• [What you have to do]
Keep to one stretch of the data below, the lines from the one with "Wall Art Designs: Japanese" up to and including the one with "Crisis en Chile: Las", and return that stretch exactly.

• [Provided records]
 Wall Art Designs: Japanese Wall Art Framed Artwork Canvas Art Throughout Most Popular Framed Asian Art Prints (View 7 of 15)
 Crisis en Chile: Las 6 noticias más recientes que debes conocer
---
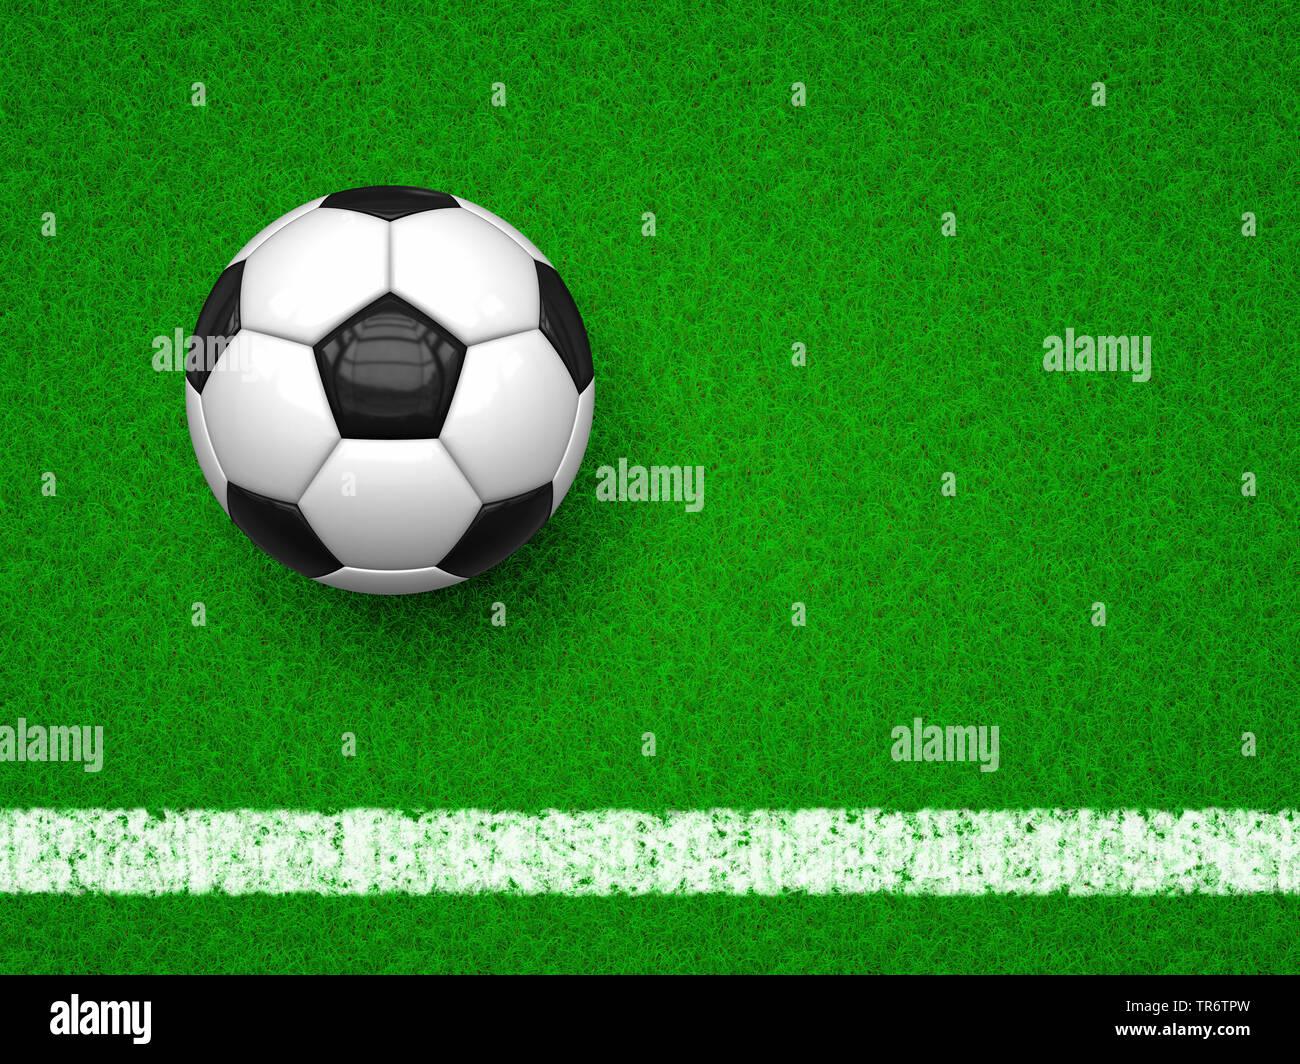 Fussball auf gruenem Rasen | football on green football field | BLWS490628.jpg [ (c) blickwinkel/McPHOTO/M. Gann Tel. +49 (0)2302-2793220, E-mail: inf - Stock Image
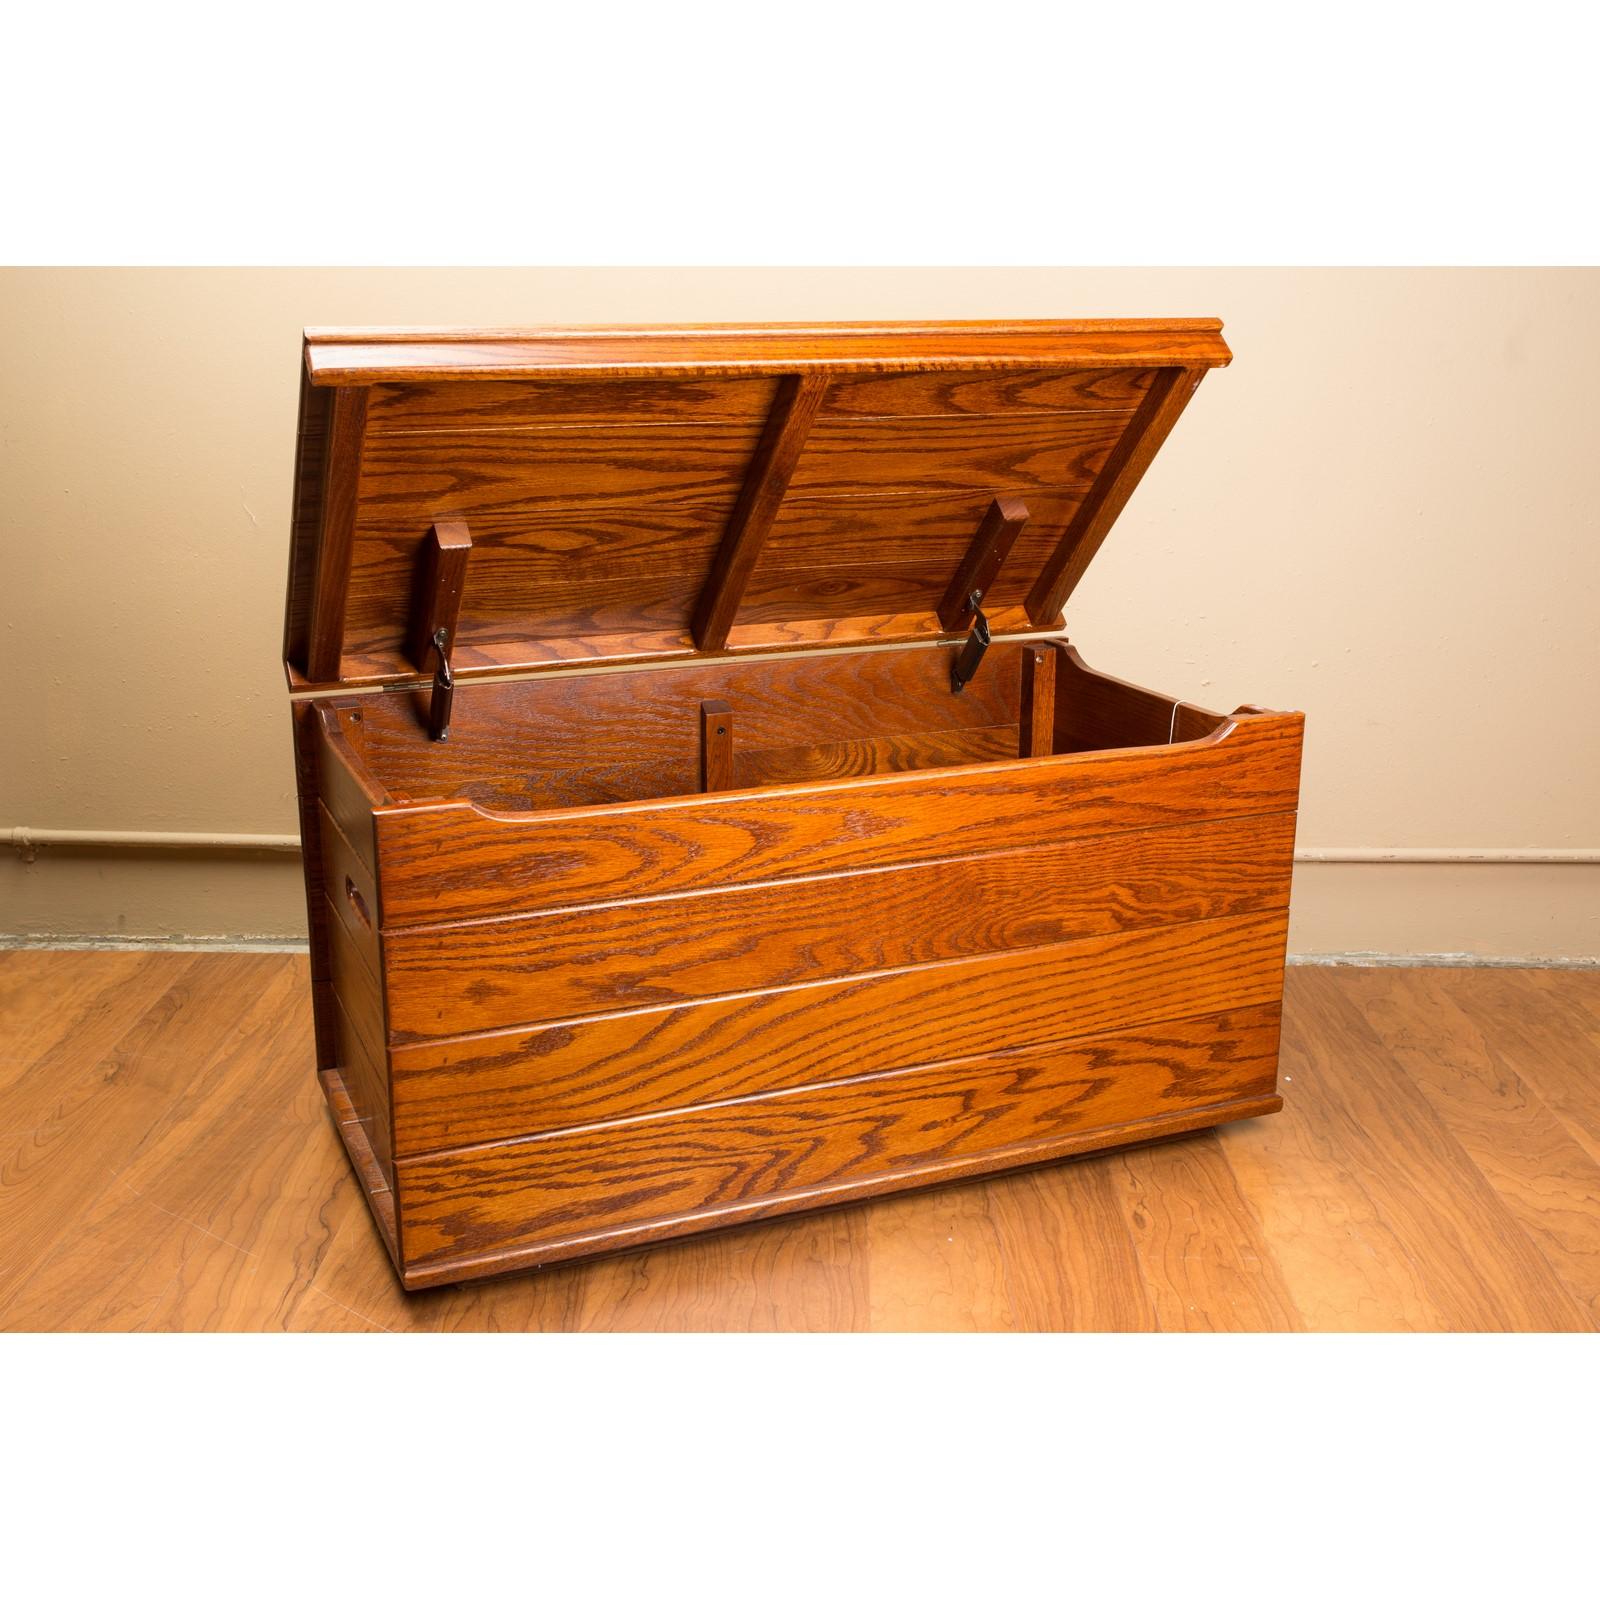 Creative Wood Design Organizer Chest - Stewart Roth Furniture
...
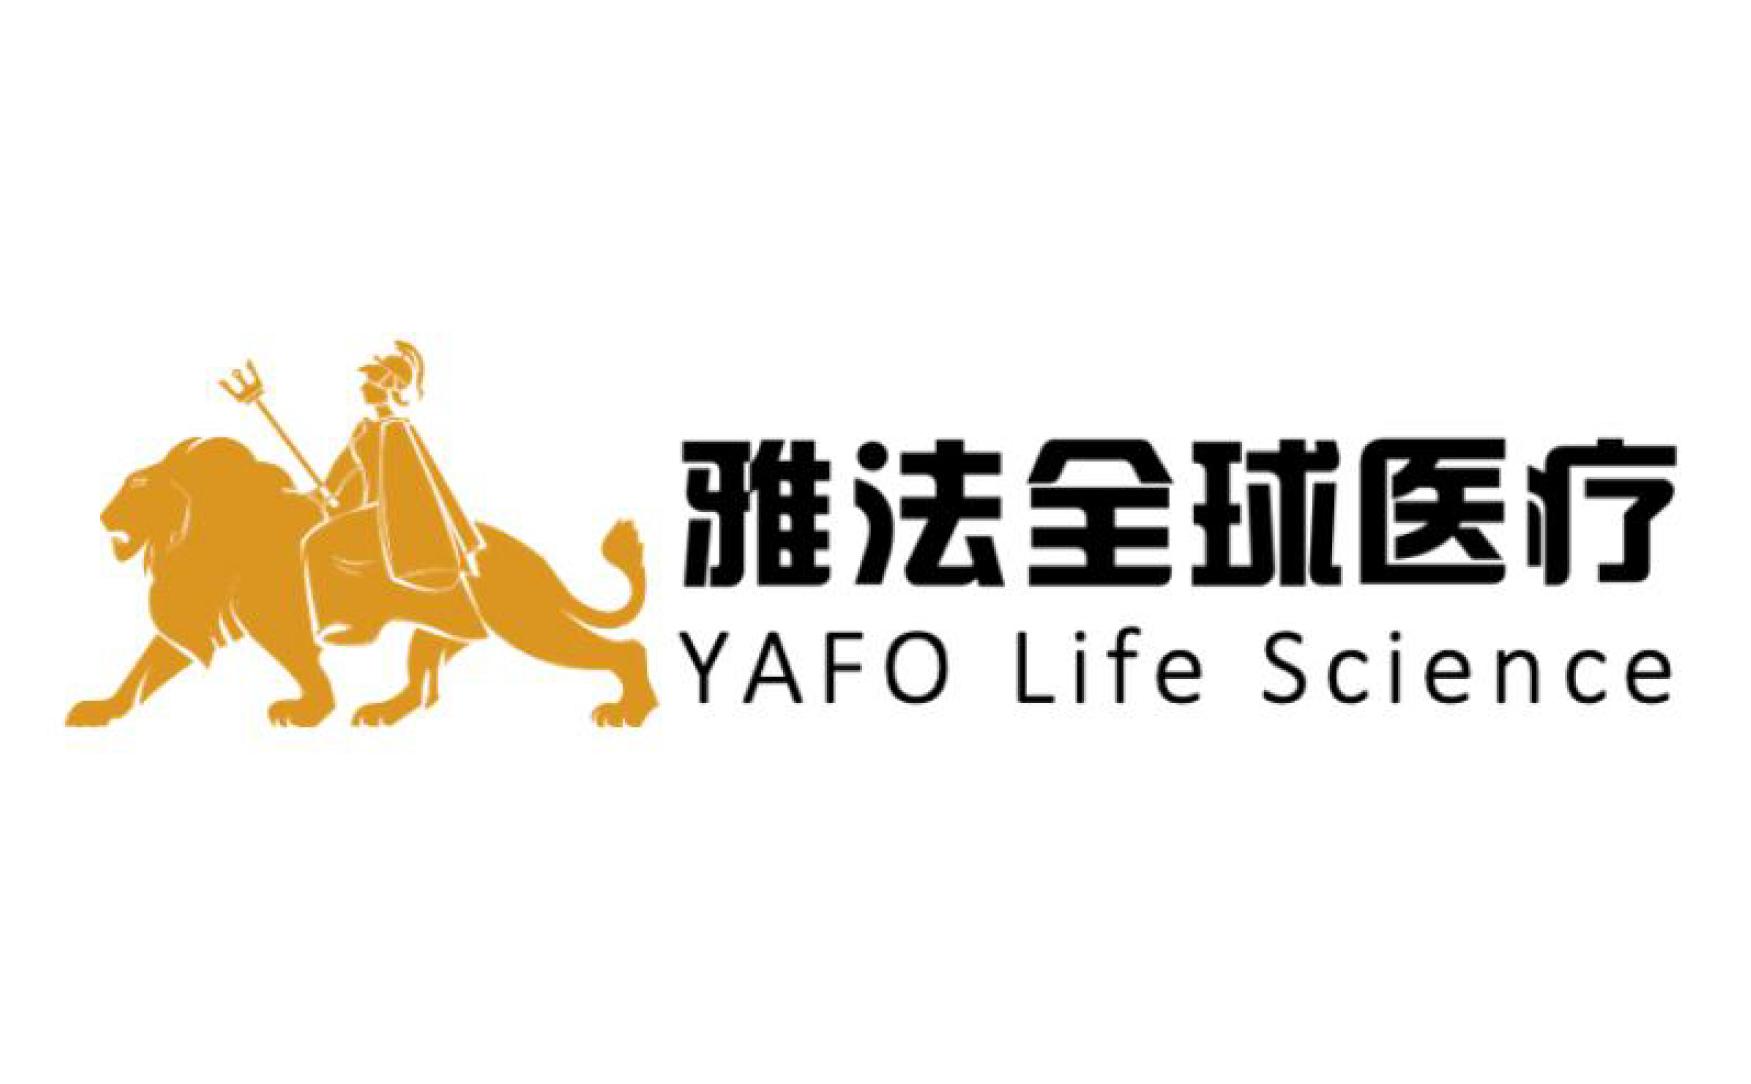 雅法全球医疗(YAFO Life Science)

• [Response for this exercise]
 Wall Art Designs: Japanese Wall Art Framed Artwork Canvas Art Throughout Most Popular Framed Asian Art Prints (View 7 of 15)
 Crisis en Chile: Las 6 noticias más recientes que debes conocer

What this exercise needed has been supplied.